E.g. Layered Communication Protocol
- In TCP/IP protocol stack, each layer provides services and functions.
- Each layer offers an interface and in order for n to invoke n-1, it exhibits an interface that could be used by layer n. but it has no idea how the functionalities in n-1 is implemented. What’s important is the interface!!! And that it hides the implementation.
- Protocol is a set of rules that parties will follow in order to exchange info. (communication btwn parties)
- Important to understand the difference between a service offered by a layer
Application Layering: the PAD model
- Taking a layered arch and applying in a modern software. It ends
up as a PAD model
- Presentation layer – you sitting in front of computer, and about to use a browser.
- application layer – processing layer. When you send a search request to somewhere, it does a core functionality of a search. !!it will rely on other services that will hold the data.
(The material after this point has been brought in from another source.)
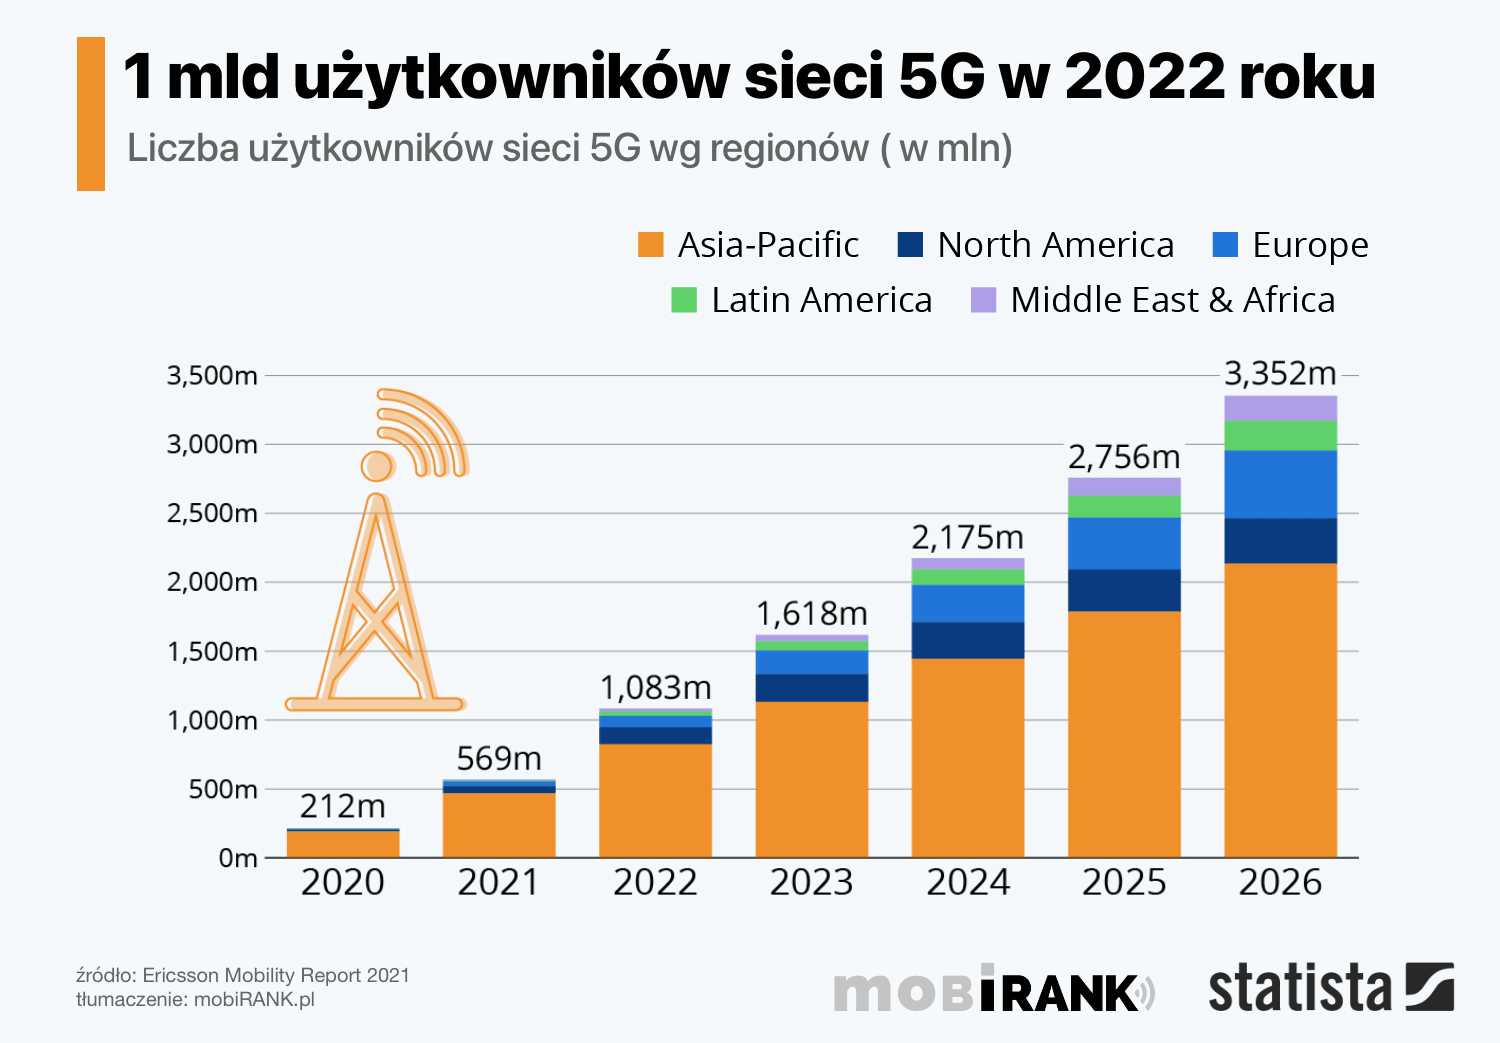 Liczba użytkowników sieci 5G w latach 2020-2026 - estymacja (Ericsson Mobility Report 2021)

- Data layer – responsible for the storage where the app layer operates
E.g. a Web Search Engine
- RHS you have three levels: UI, processing, data
- (UI) User types in a search keyword → (Processing) Query generator needs db → (Data) db query is taken care of → (Data) the info (page titles and info) is sent back to processing level → (processing) All results are ranked → (processing) generates HTML pages→ (UI) its passed back to UI level.
A search on Google cloud: How it is handled
- Query is sent through google – in the border router of the google cloud, and it needs to balance the influx of query load. Load balancer tells you to go this way!! It will get taken by a rack of servers. And its sent back to me. This happens sooooosoososos quick!
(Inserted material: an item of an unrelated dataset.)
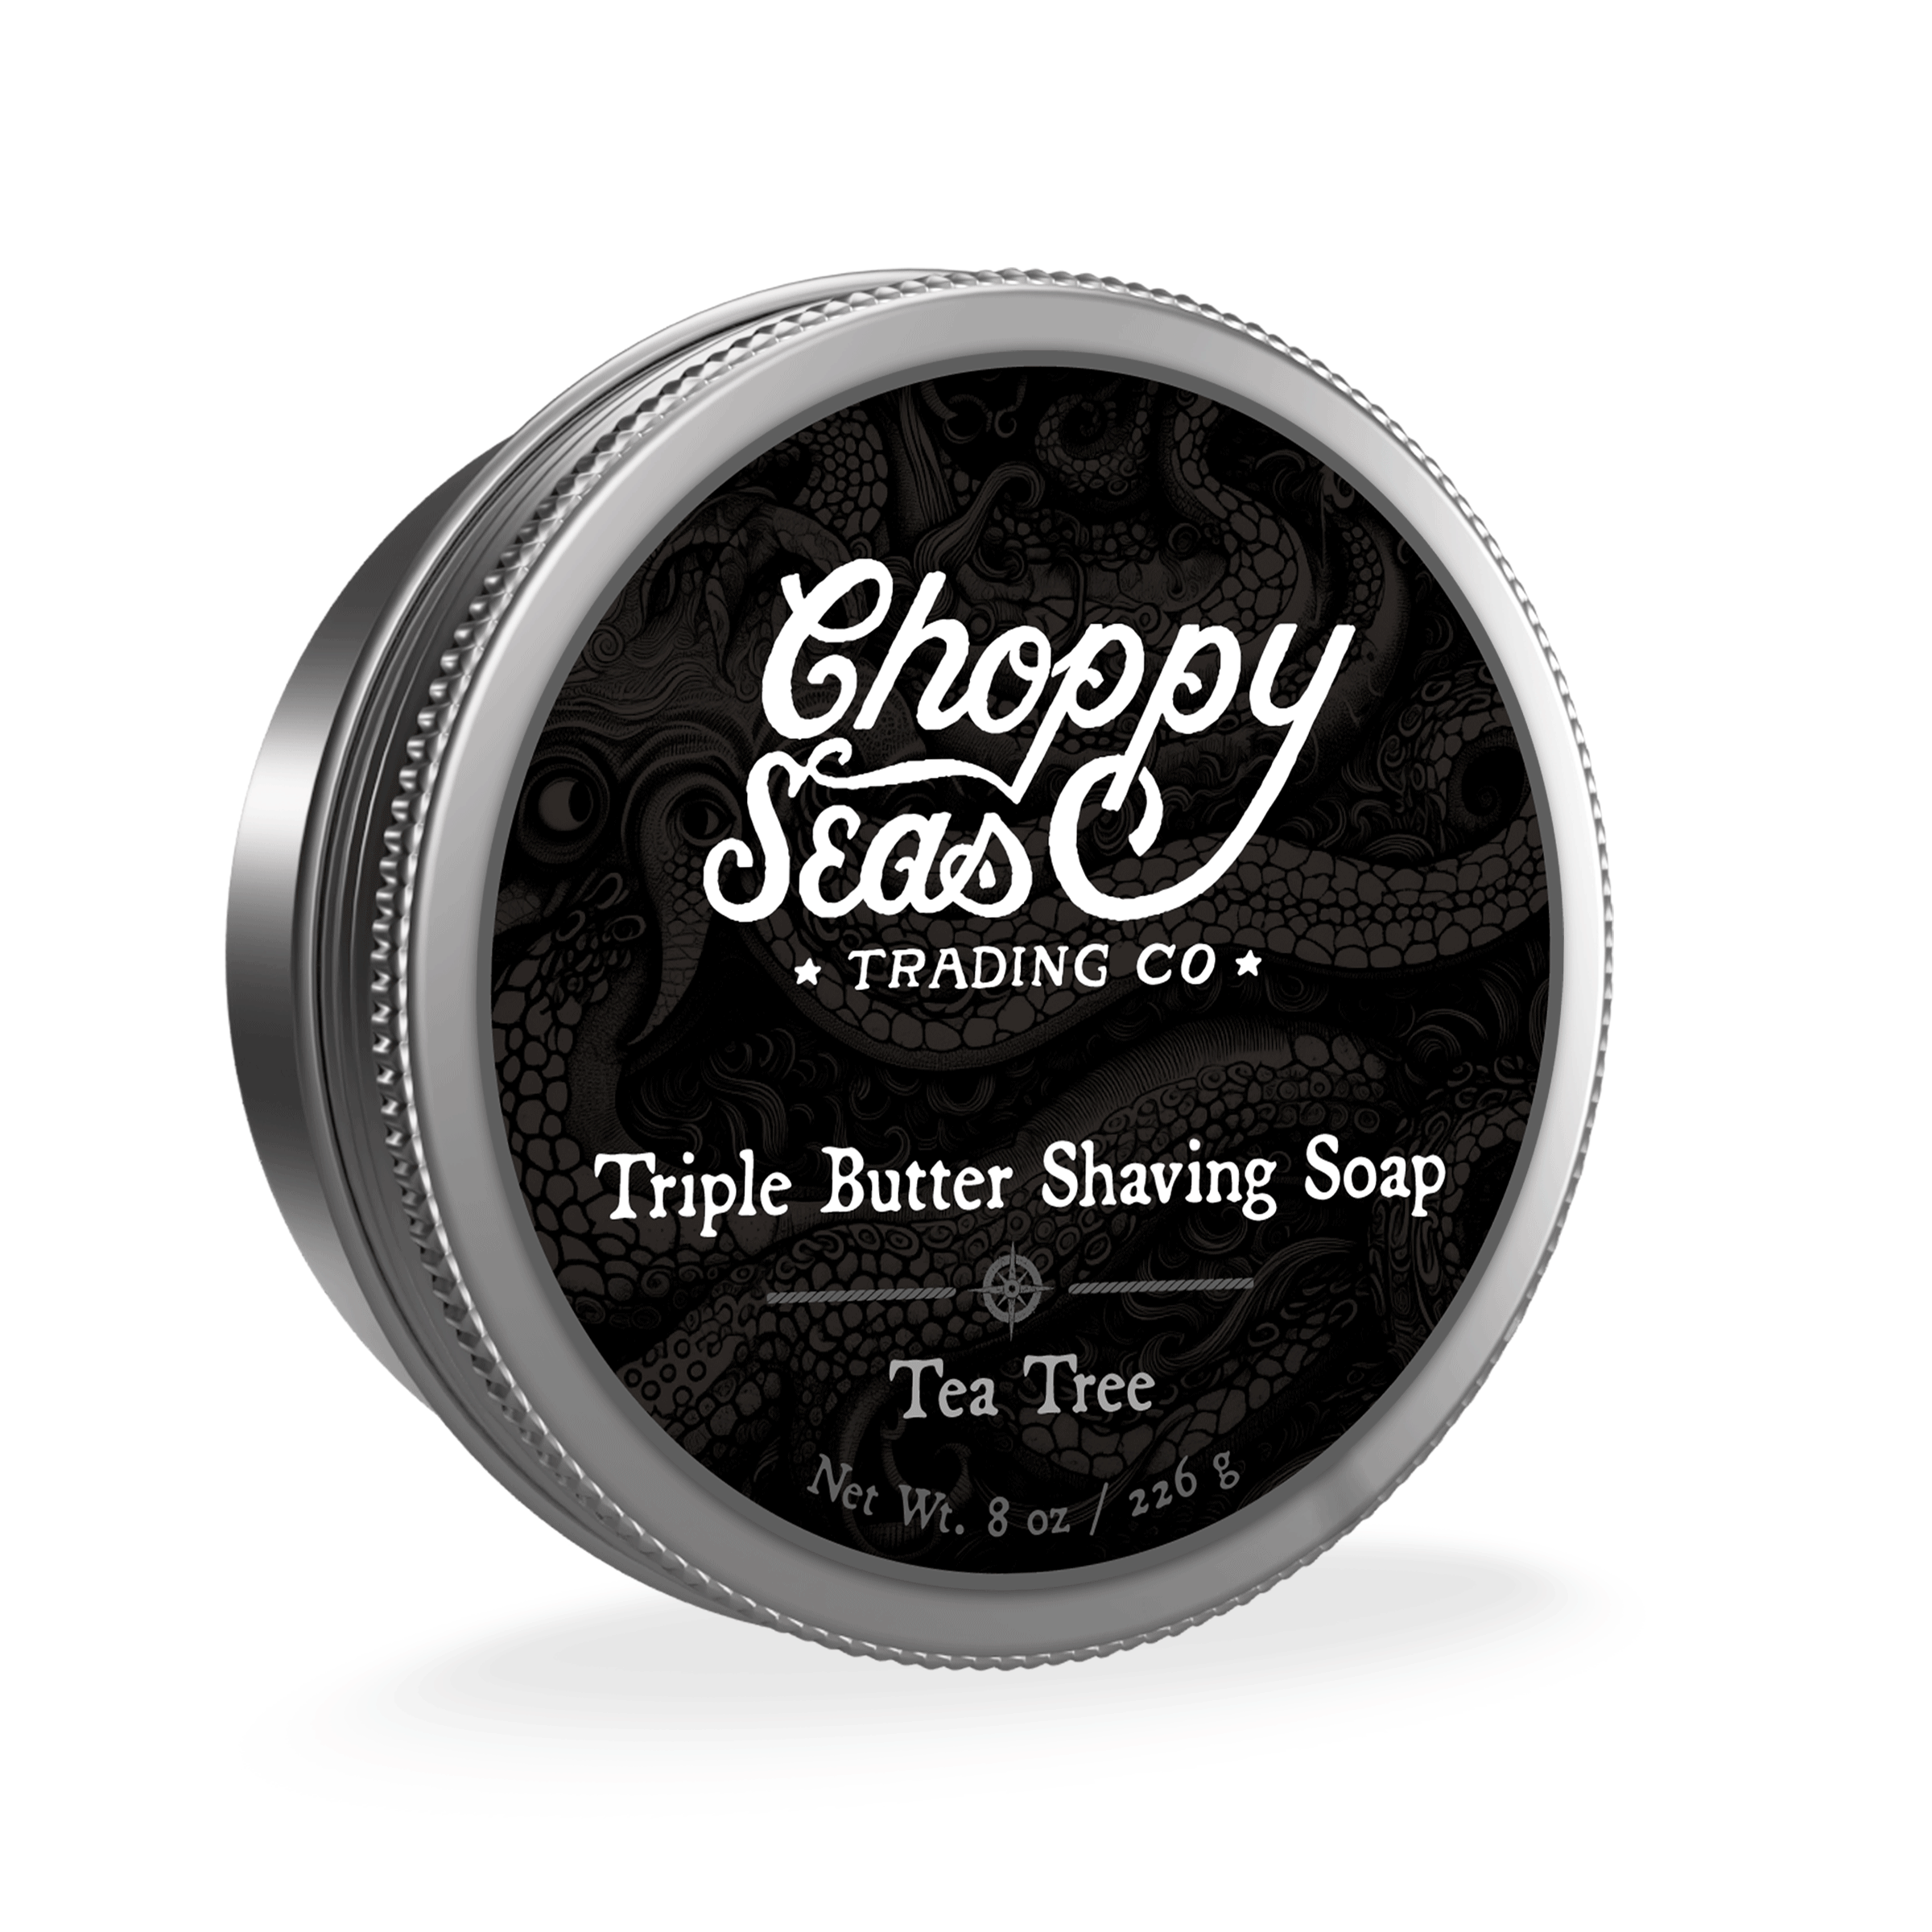 Tea Tree Triple Butter Shaving Soap

- Hierarchy of the switches is very complex
- Refer to processing and data level from prev!
2. Object based style
- Objects corresponds to components, connected and communicate through a procedure call mechanism. If two objects reside on the same system → method call, over a network → remote procedure call.
- Object encapsulate the data (state), as they exhibit the interface, but neverrrr shows how its implemented.
Architecture
Client-side stub (proxy)
- Client invokes a method
- Server gives a copy of interface to client → called proxy.
Proxy is loaded into clients address space.
- Proxy marshal the method invocation client made
- and unmarshal reply messages to return the result of the method invocation to the client.
- The marshalled invocation is passed across network.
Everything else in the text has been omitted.